Controlling liver fluke in young stock begins with getting to grips with farm status and, again, testing and talking to your vet or SQP. “We’re looking to prevent growth checks associated with subclinical disease and, where infection is present, treatment at housing is recommended. It’s also important to put steps in place, such as follow up diagnostic testing, to ensure cattle are turned out free of a fluke burden because it breaks the liver fluke’s life cycle.
“Blood testing can be used to assess whether young stock have been exposed, and faecal sampling can determine whether cattle are carrying an adult liver fluke burden. But speak to your vet about an appropriate testing strategy.”
Controlling liver fluke in young cattle can reap significant rewards in young stock and milking cows. The growth reductions associated with a liver fluke challenge are estimated to delay puberty by 25 days and decrease first-lactation milk yields by 159kg.

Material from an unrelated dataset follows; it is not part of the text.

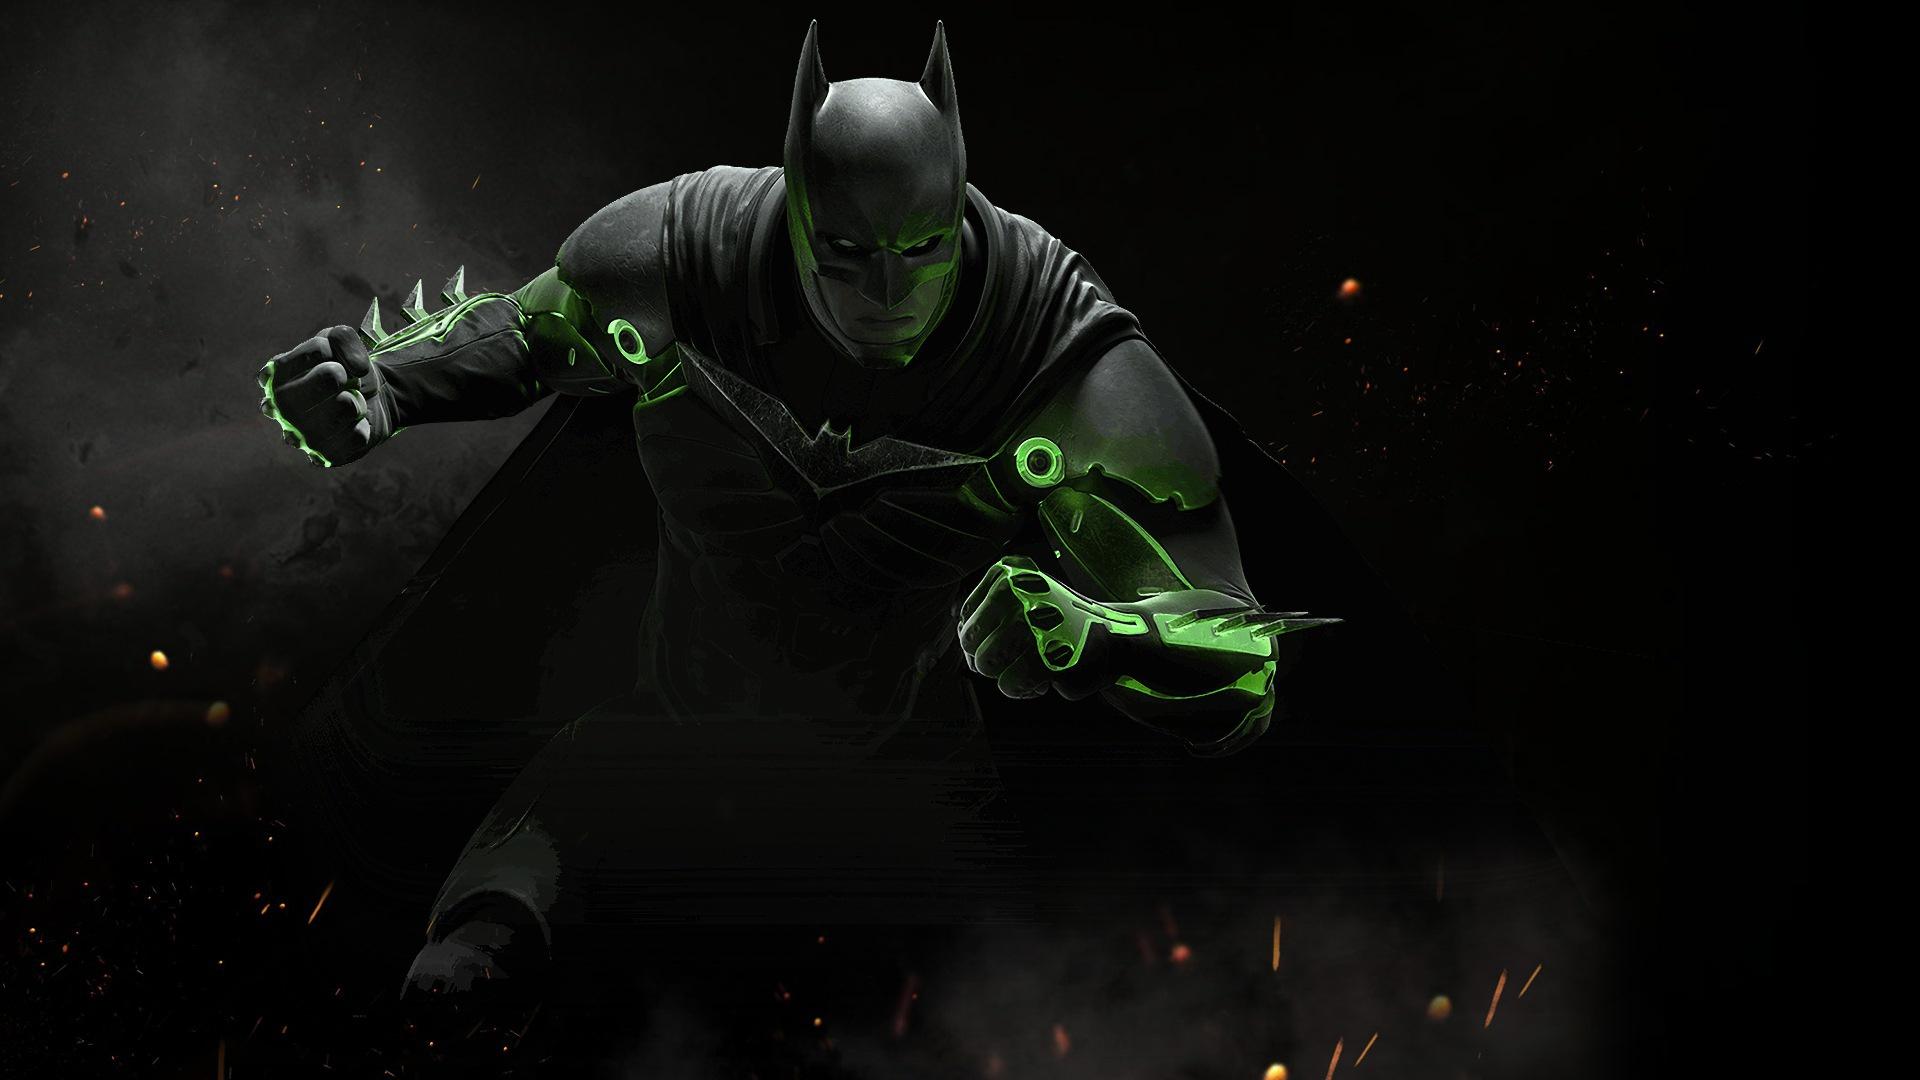 Бэтмен в несправедливости 2. обои скачать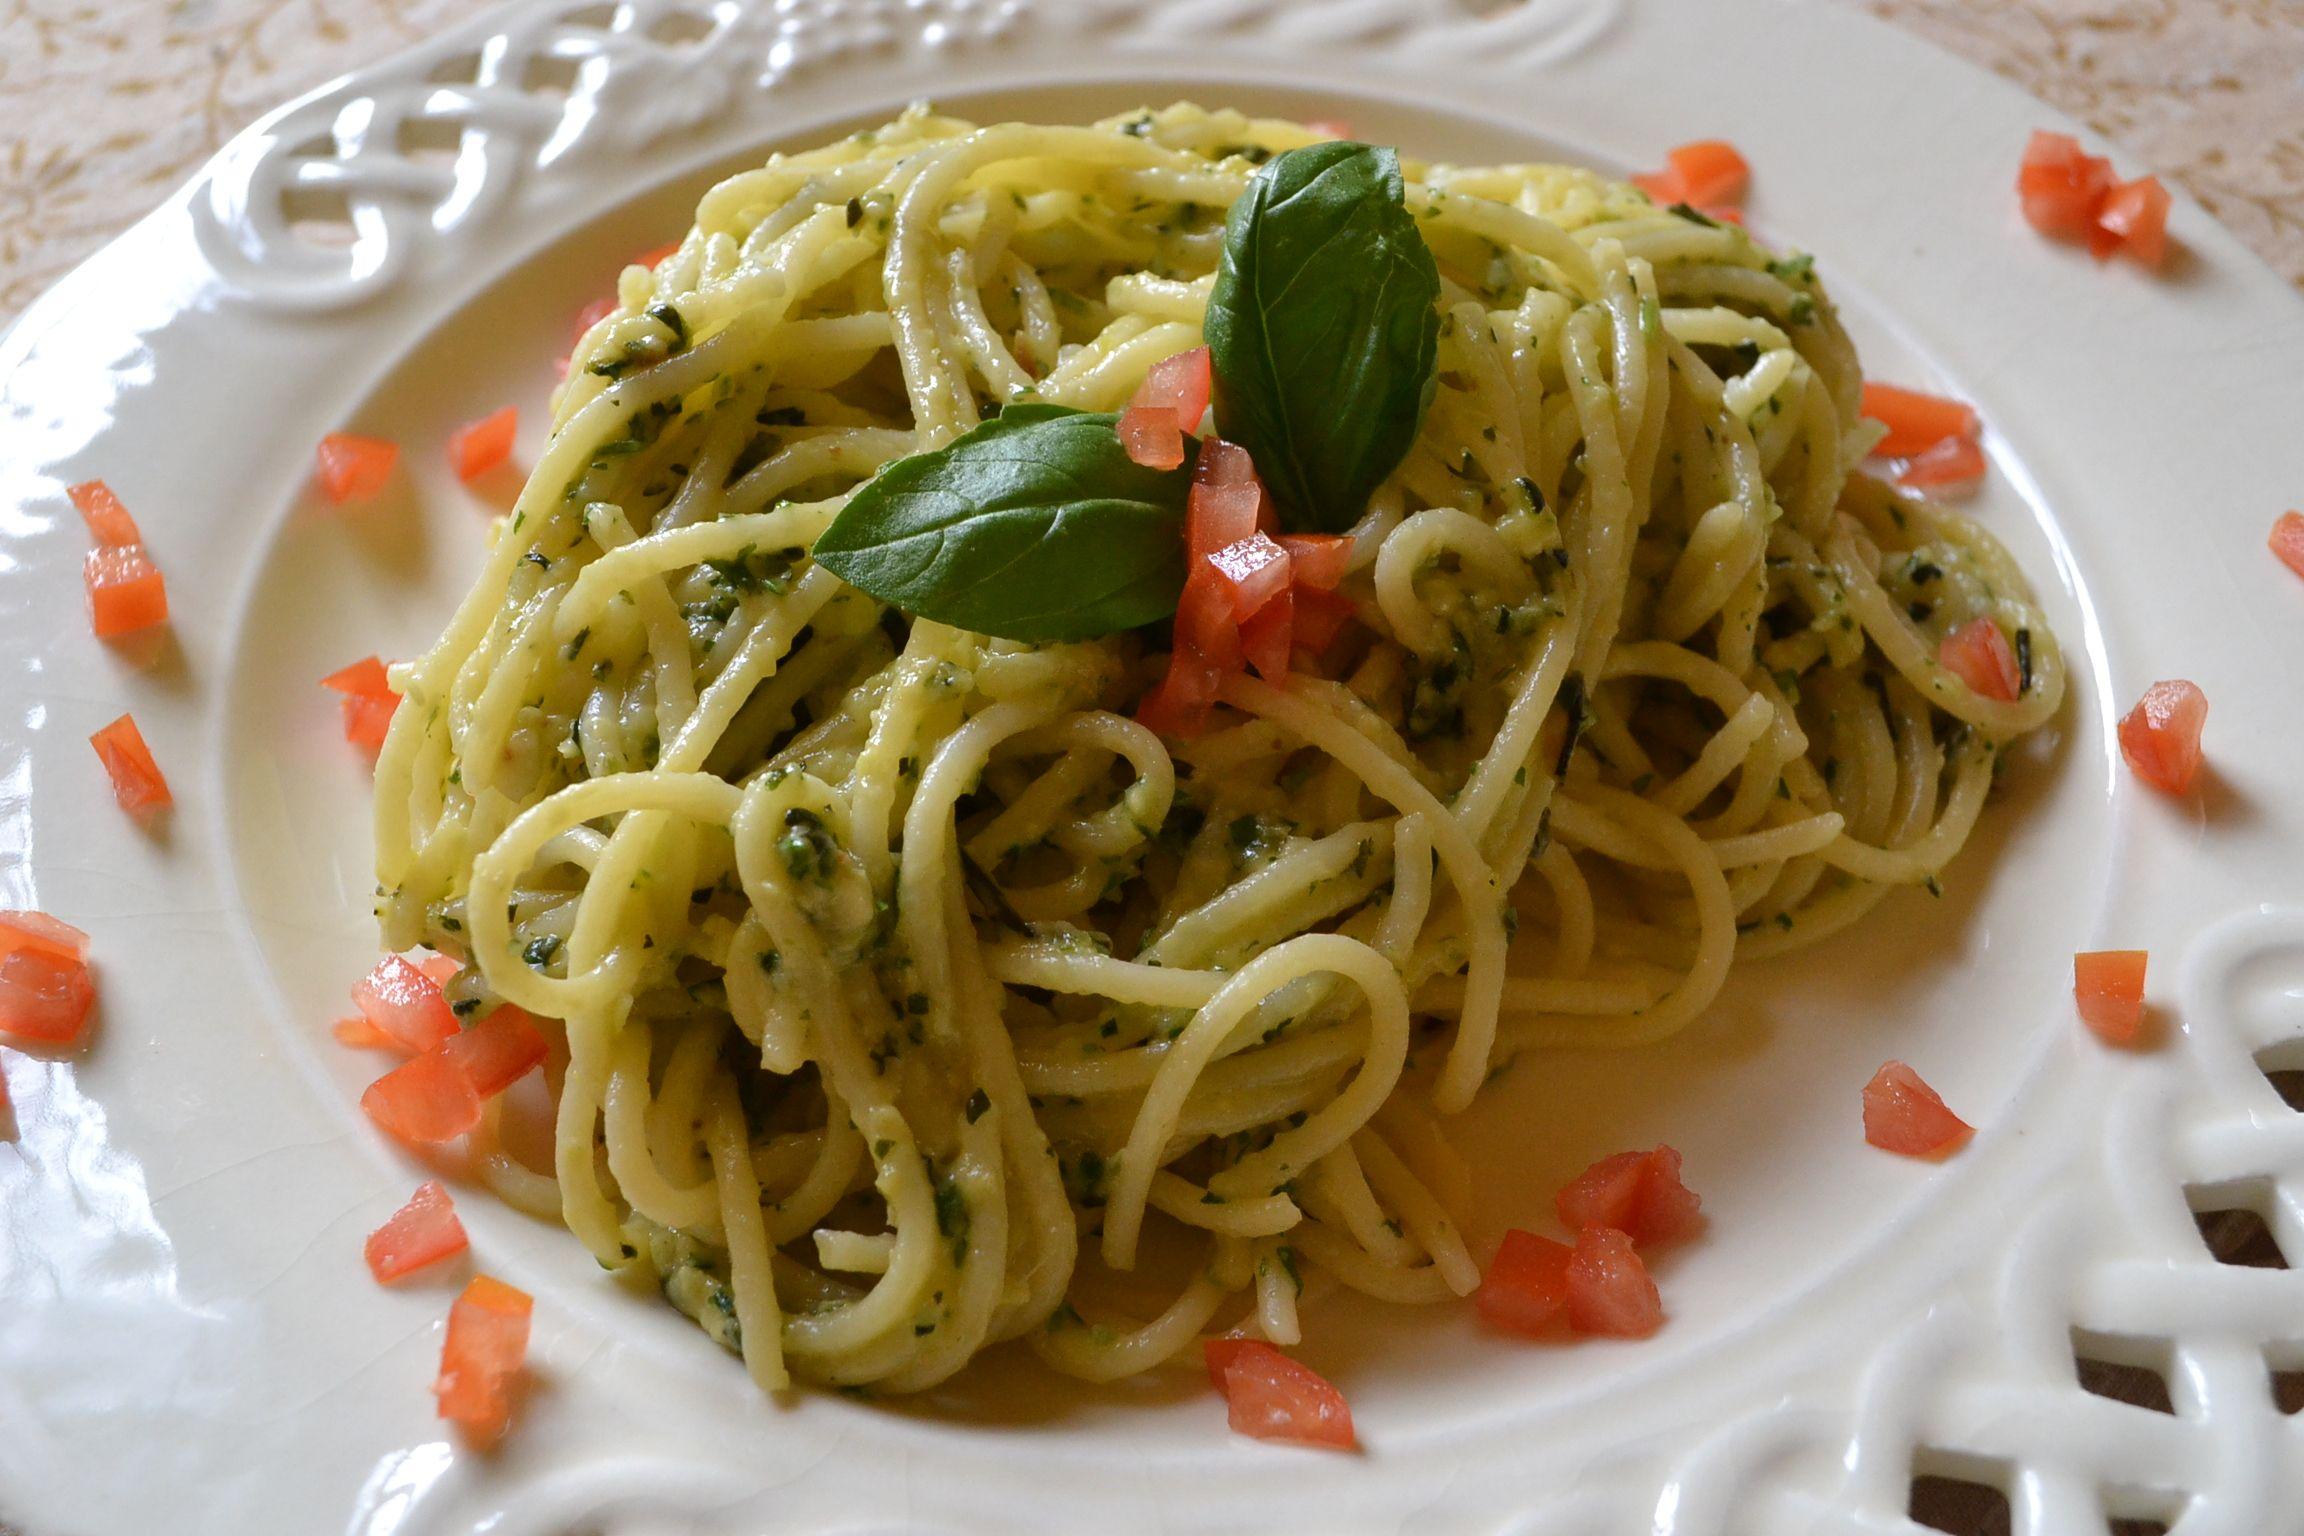 spaghetti mit zucchinipesto rezept kochwerk kochkunst und esskultur pinterest. Black Bedroom Furniture Sets. Home Design Ideas

Ms Timothy is particularly concerned about lung worm this year. “Case numbers are reportedly high this year, probably due to the warm and damp weather. Vigilance is key here. Keep a close eye for coughing cows. Lung worm should always be suspected in cattle coughing at grass. “Not all cows with lung worm will show symptoms, but coughing cows are your cue to investigate further and find out whether lungworm may be the cause. If cattle are housed with a lungworm burden this can increase the risk of respiratory disease associated with secondary infections.”
Again, lung worm will compromise milk yield, with infections associated with average daily yield reductions of 1.6kg in cows.
“So if you suspect lung worm, talk to your vet and/ or SQP, and take advice on diagnosis and treatment,” she says, adding that there are zero-milk-withhold treatments available.
Ms Timothy stresses that, when developing a plan for parasite control at housing, diagnostic testing and selecting the correct product and treating at the right time are all essential. “Not only to ensure effective parasite control and minimise the risk of resistance, but also to ensure the best return on investment.”